Rainbow tables have been computed by the Church of WiFi for the top 1000 SSIDs[4]
for a million different WPA/WPA2 passphrases. To further protect against intrusion the
network's SSID should not match any entry in the top 1000 SSIDs. (Wi-Fi Protected
IV. Project design and process
In the attempt to evaluate which wireless network encryption is the most sufficient for secure
data transfer, there is a need for the proper tools and a process to be followed. Tools that are required in
the experiment include: a laptop with the BackTrack 2 Linux distribution installed, a compatible
wireless network card installed on the laptop as well as a stumbler program such as kismet that will be
used to find any hidden networks. Additionally, there will be a need for routers which are being used to
transfer information. This will allow for collection of packets which will be deciphered by BackTrack
2's aircrack suite. Within the aircrack suite there are tools that will be utilized to capture packets, locate
hidden networks, determine the encryption type of any network and many other tools that have useful
applications to this project.
The design of this project is to use routers that are secured with different styles of encryptions
that are currently widely used by businesses and home users alike. These for example include but are
not limited to, WEP, and WPA/WPA2 encryption protocols. Using the mentioned tools above, packet
capturing will begin. Depending on the encryption, the time to collect packets will vary. After the
necessary packet collection is completed, the utilization of the tools in the aircrack suite will begin.

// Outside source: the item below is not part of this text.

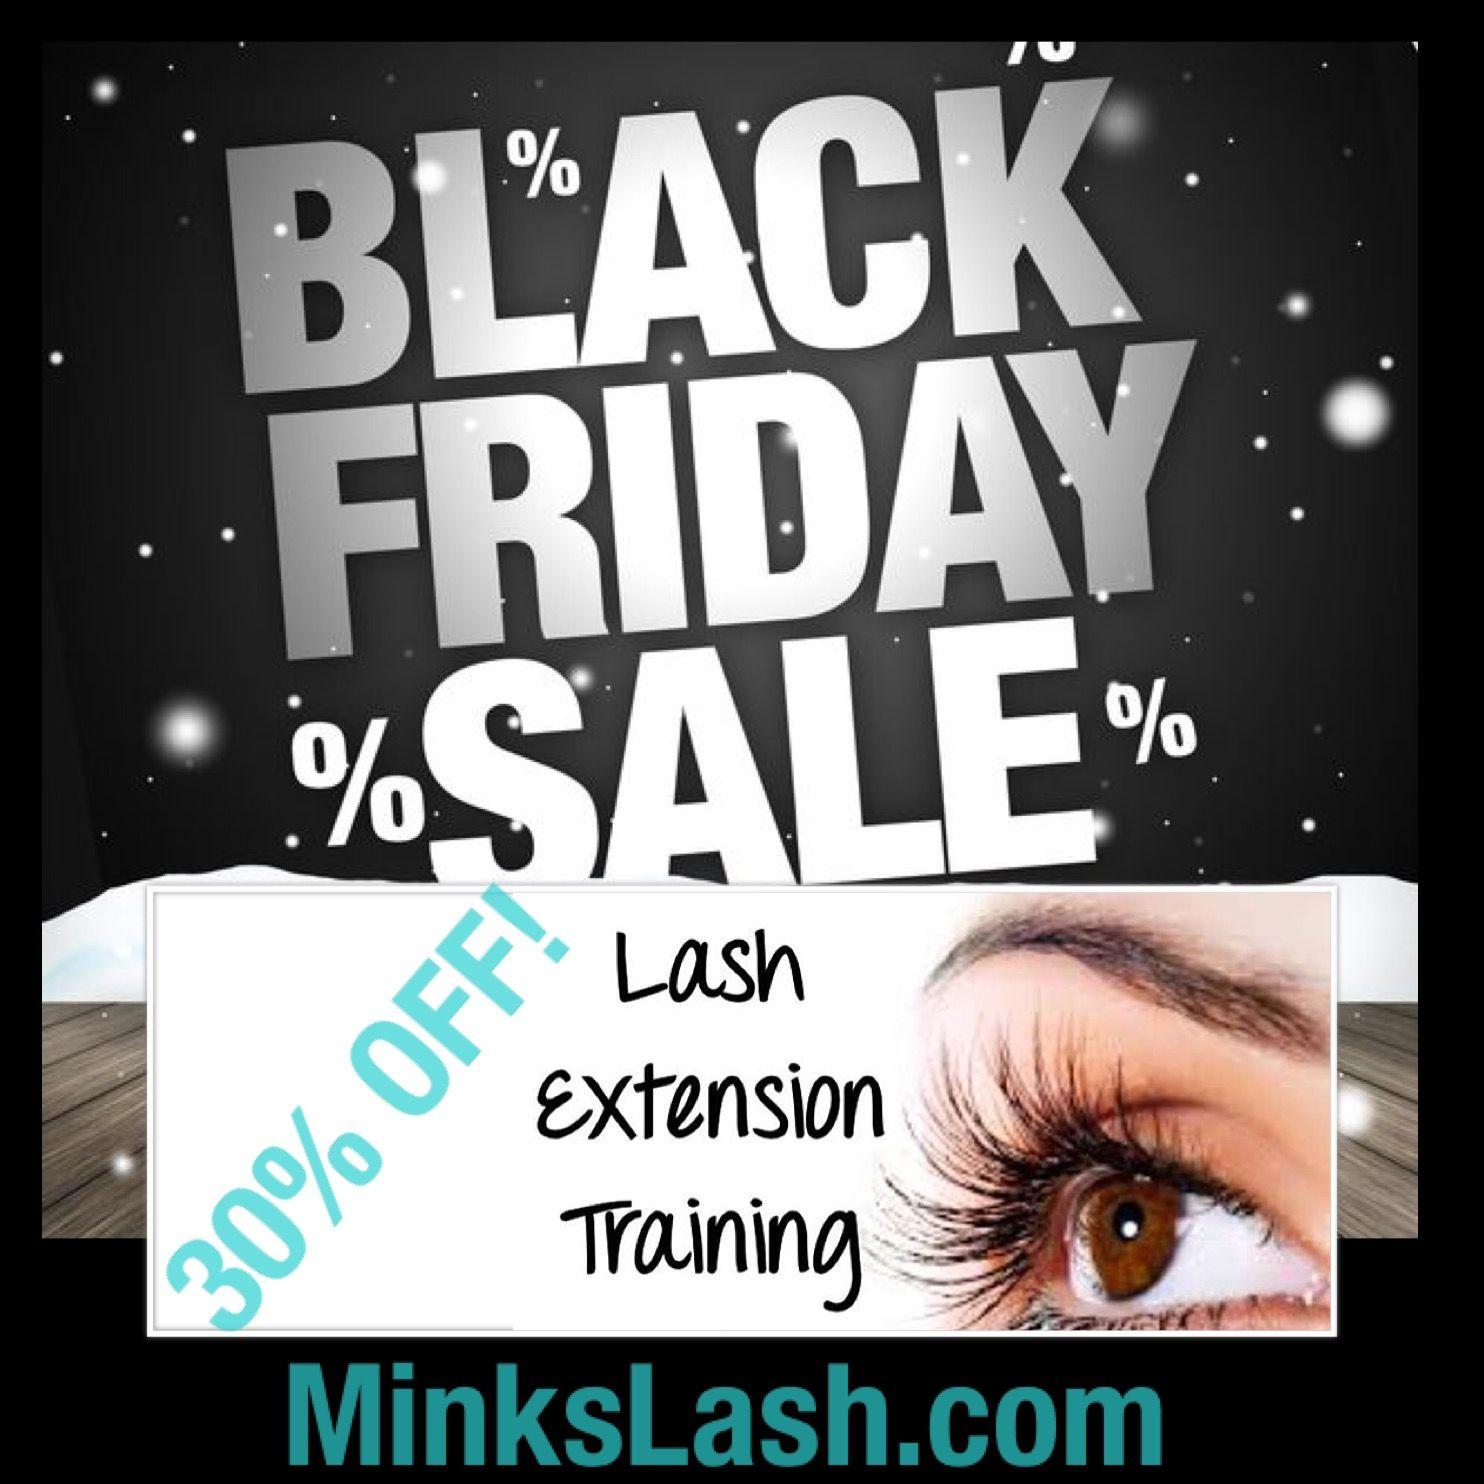 Black Friday Sale Save On Eyelash Extension Training In Atlanta

Using the aircrack suite, the collected packets will then be deciphered, thus allowing for the keys of the
router’s security encryption to be discovered. With this, a passcode can be reverse engineered by
utilizing a tool within the aircrack suite once again. The strength of the encryption protocol is then
established by how difficult and how long the packet collection and packet deciphering is which will be
determined by how long a given computer will take to compute the necessary credentials to log onto
the network.
V. Management plan and organization
Since this will be a learning experience for the whole group, the work will not necessarily be
split up that much. All members of the group will participate in the core components of the project.
We will meet on multiple occasions and start out learning the software and reading up on the security
algorithms. Next we will apply our knowledge and the software to get actual results in the real world.
Afterwards, we will analyze our data and put together an interpretation of what we discovered. This
will be our final deliverable for the project.
VI. Deliverables
As previously stated, our deliverables will be the interpretation and interpolation of the data we
collect while carrying out our project. This will include, but is not limited to, expected amount of time
needed to break encryption of typical networks, sample composition of networks in the downtown
Richmond area, and the implications that current network algorithms have on wireless security.